Local Youth Attend Regional Reality Check Training To Act Against Big Tobacco

On September 30, 2018, over 30 Reality Check Youth Leaders and tobacco control staff from across 15 counties – Cortland, Tompkins, Chenango, Broome, Tioga, Chemung, Schuyler, Steuben, Cayuga, Oswego, Onondaga, Ontario, Seneca, Wayne, and Yates – gathered at Orenda Springs Experiential Learning Center in Marcellus, NY to meet, bond, organize and act against Big Tobacco.

Reality Check held a day long training for new and current Reality Check youth members. Youth, between the ages of 13 and 18, had the opportunity to learn and work on team building activities, which included low and high ropes courses. The staff at Orenda encouraged youth to foster a deeper understanding of self, others, and nature – focusing on skills like leadership, communication, passion, trust and many more. They discovered the power within themselves and others to expand beyond their personal limits and positively impact the world around them. In addition, they all participated in an interactive training on Reality Check initiatives, which included brainstorming activities for tobacco-free community policies.

“In Reality Check, it’s important to work as a team and the different activities at Orenda, especially the low ropes course taught us that. It was really cool to see and use different leadership styles, said Britney Blackledge, 17, of Norwich High School.

“It was great to see so many youth come together to support a great cause and learn skills that they can use in their life, as well as in Reality Check,” said Rose Walsh, Chenango County Reality Check Coordinator.

According to the 2014 Surgeon General’s Report, if current smoking rates continue, 5.6 million Americans younger than 18, who are alive today, are projected to die prematurely from smoking-related disease. In New York State, the average age of a new smoker is 13 years old. Research shows that the earlier a person starts smoking, specifically a teenager, the more likely they are to become addicted to nicotine.

“We have a lot of work to do in educating our community and letting everyone know what the tobacco industry is up to, especially the way they market their products that appeal to youth, said Kaitlyn Gould, 15, of Norwich High School.”

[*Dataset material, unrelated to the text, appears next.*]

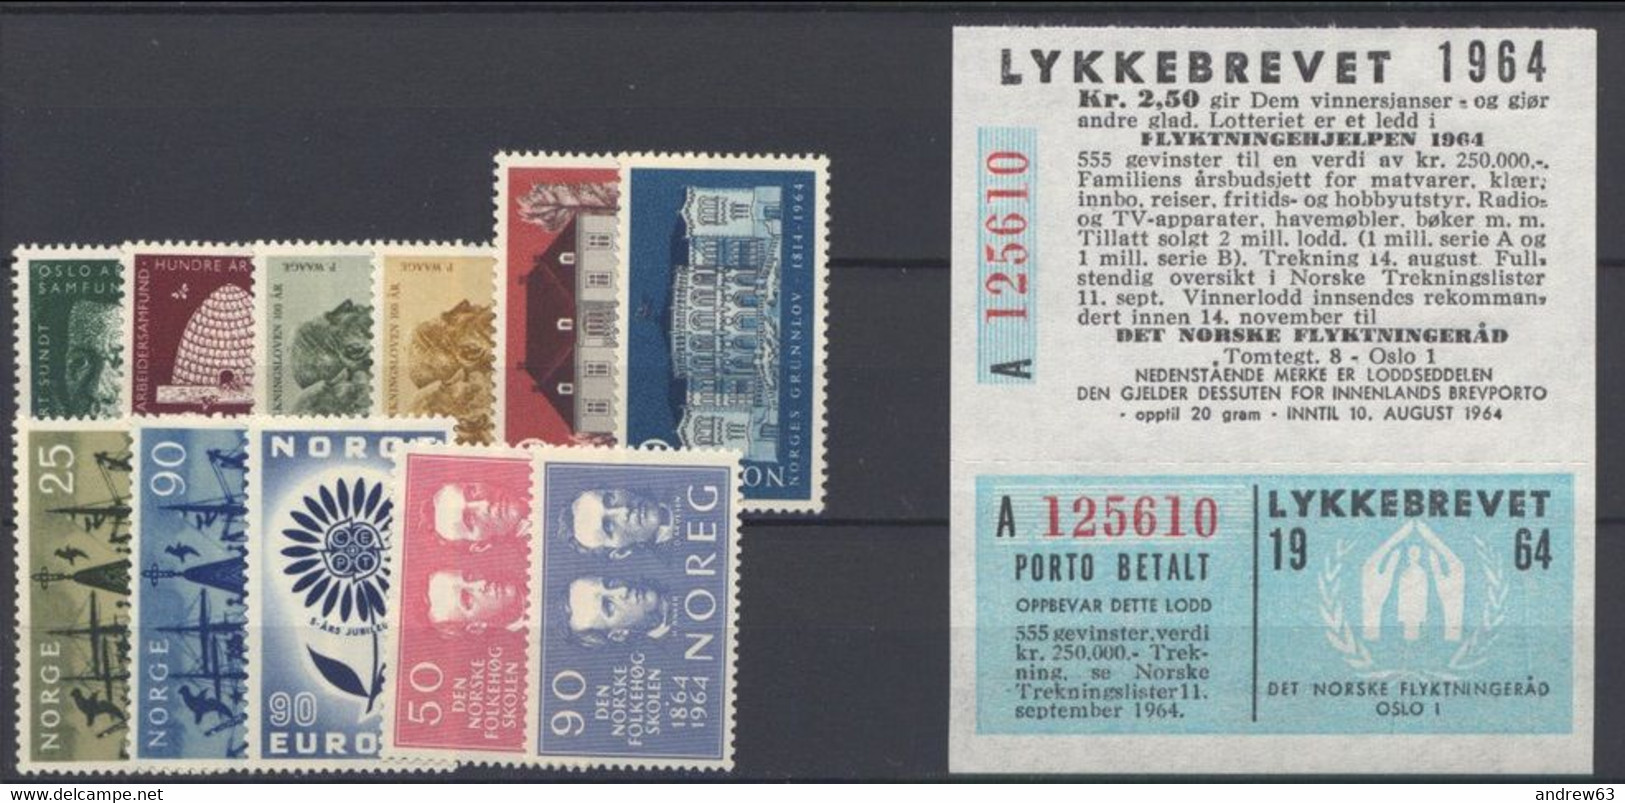 NORVEGIA - Norge - Norwegen - Norway - 1964 With Lykkebrevet - Annata Completa / Complete Year **/MNH VF - New - Ganze Jahrgänge

Tobacco marketing and sales in stores near schools is a particular concern because teens that pass by or shop at these stores are routinely exposed to pro-tobacco messaging. Exposure to point-of-sale advertising and promotions prompts smoking initiation, encourages tobacco use, aids unplanned purchases, and undermines quit attempts. In New York State, 51 % of tobacco retailers fall within 1,000 feet of a school, so it is not surprising that youth are more likely to use tobacco, as well as purchase, when stores are located within a short distance of their schools.

Exposure to tobacco marketing in stores is a primary cause of youth smoking. To protect our youth, licensing is a powerful tool that can help minimize pro-drug messaging and help to reduce youth and adult tobacco use.